While reading the The Innovators - How a Group of Hackers, Geniuses and Geeks Created the Digital Revolution, Chapter 3 deals with the History of Programming.

Most of the programmers find the word "bug" dreadful - as it means the software needs to be reprogrammed as it is not meeting the requirements.

Here's the story of how the term "bug" made its way into Programming.

A Little Background:

One of the initial programmers in the history of Computer Programming was Grace Hopper.

Hopper worked on Mark - I (A Computing Machine) at Harvard University, and later on Mark - II.

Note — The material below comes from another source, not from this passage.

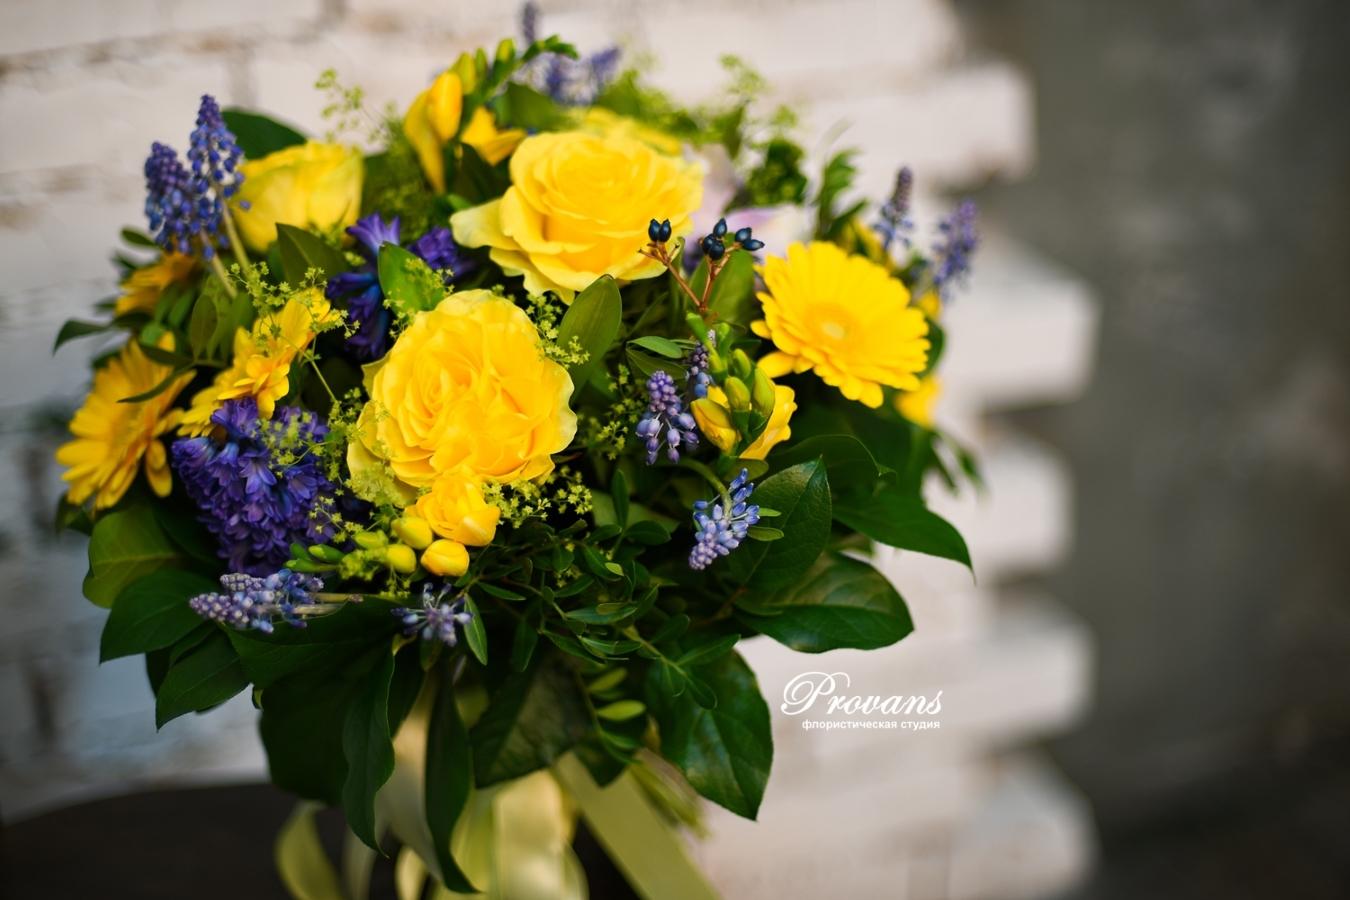 Букет на день рождения. Розы, герберы, гиацинты, фрезия, мускари

She was writing programs for the computing machines and also perfected the practice of subroutines, which is norm now in computer programming. Those were the days when new instructions were submitted via punched paper tape.

The Story of Bug:

Walter Isaacson writes:

In addition, her [Hopper's] crew helped to popularize the terms bug and debugging. The Mark II version of the Harvard Computer was in a building without window screens. One night the machine conked out, and the crew began looking for the problem. They found a moth with a wingspan of four inches that had gotten smashed in one of the electromechanical relays. It was retrieved and pasted into the log book with Scotch tape. "Panel F (moth) in relay," the entry noted. "First actual case of bug being found." From then on, they referred to ferreting out glitches as "debugging the machine."